Word timestamps
In the following discussion timestamps refers only to the timestamps of the finals.
The model emits timestamps for each token, these can be grouped into word timestamps which define the start/end time of each word.
Average accumulated shift
The accuracy of the word timestamps is quantified with the average accumulated shift (AAS) metric (see https://arxiv.org/pdf/2301.12343). This is defined as:
$$ \text{AAS} = \frac{1}{N} \sum_{i=1}^N \frac{ \left| t_i^{\text{predStart}} - t_i^{\text{refStart}} \right| + \left| t_i^{\text{predEnd}} - t_i^{\text{refEnd}} \right| } {2} $$
This can be understood as the average absolute difference (in time) between the true start/end time and the model’s predicted start/end time for each word.
Latency
The model’s token level timestamps are known to lag behind real-time (see Emission Latency). To correct for this when estimating word timestamps a latency offset should be subtracted from the token timestamp at the beginning and end of each word.
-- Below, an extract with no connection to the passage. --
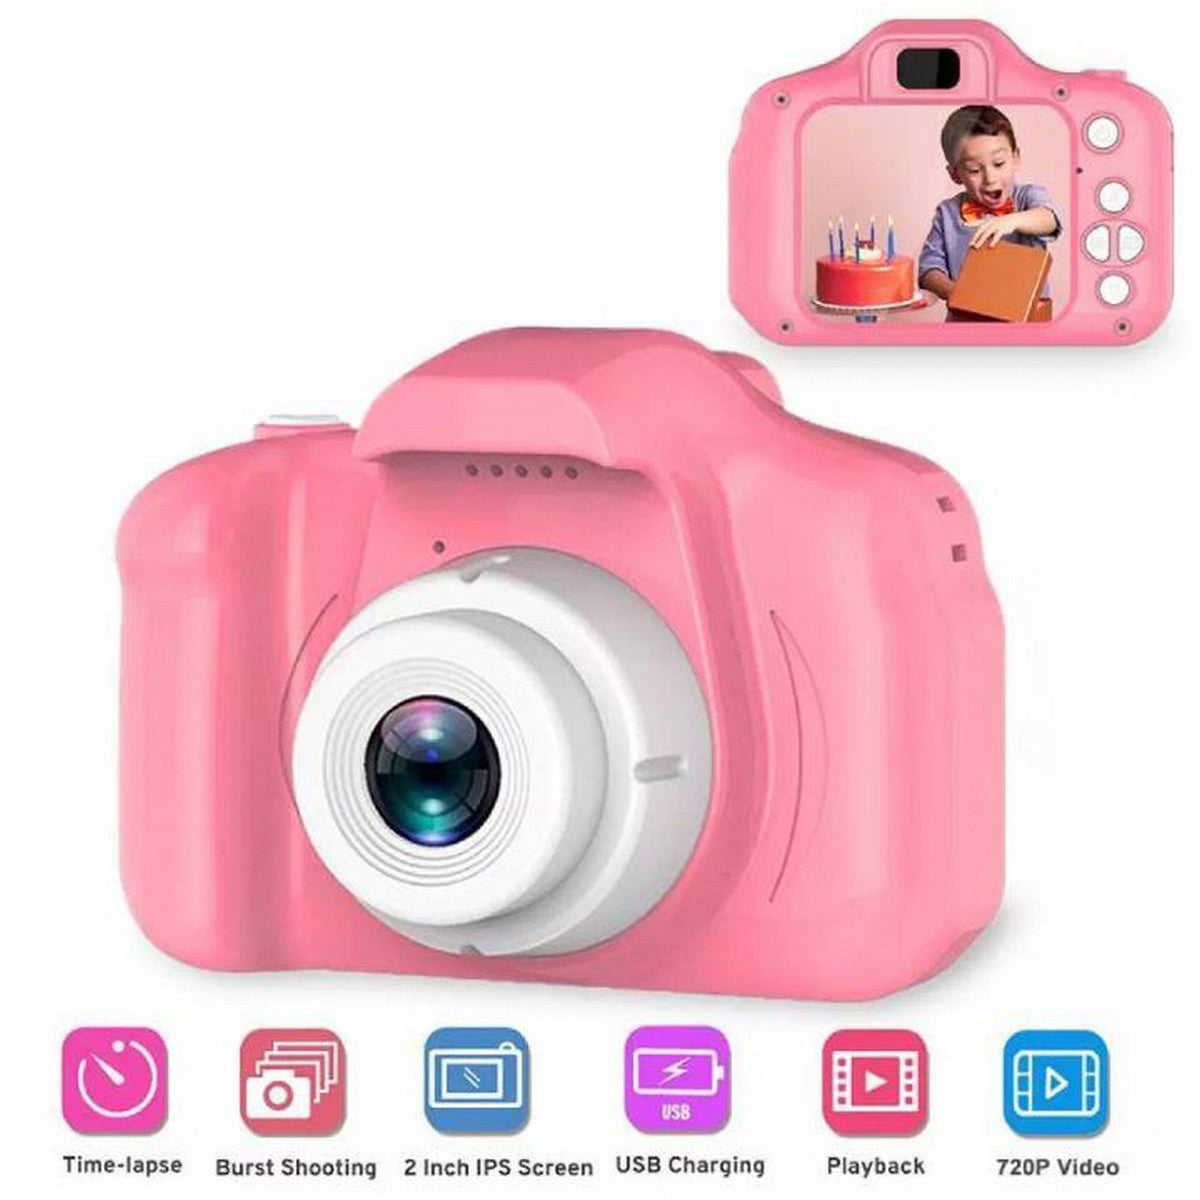 Kids Digital Mini Video Camera

This is supported via the following flags:
--latency_head_offset <value in seconds>
--latency_tail_offset <value in seconds>
In general these require a model/domain/decoder specific calibration.
Measuring AAS
If the --calculate_emission_latency
flag is passed to the
Validation script then several AAS related metrics are
measured these include:
"optimal_head_offset"
:
$$ \text{median} \left\lbrace t_i^{\text{predStart}} - t_i^{\text{refStart}} \mid i \in 1\ldots N \right\rbrace $$
"optimal_tail_offset"
:
$$ \text{median} \left\lbrace t_i^{\text{predEnd}} - t_i^{\text{refEnd}} \mid i \in 1\ldots N \right\rbrace $$
"raw_AAS"
: The AAS calculated without any latency correction"fixed_AAS"
: The AAS calculated with the head/tail offset supplied via the CLI flags"corrected_AAS"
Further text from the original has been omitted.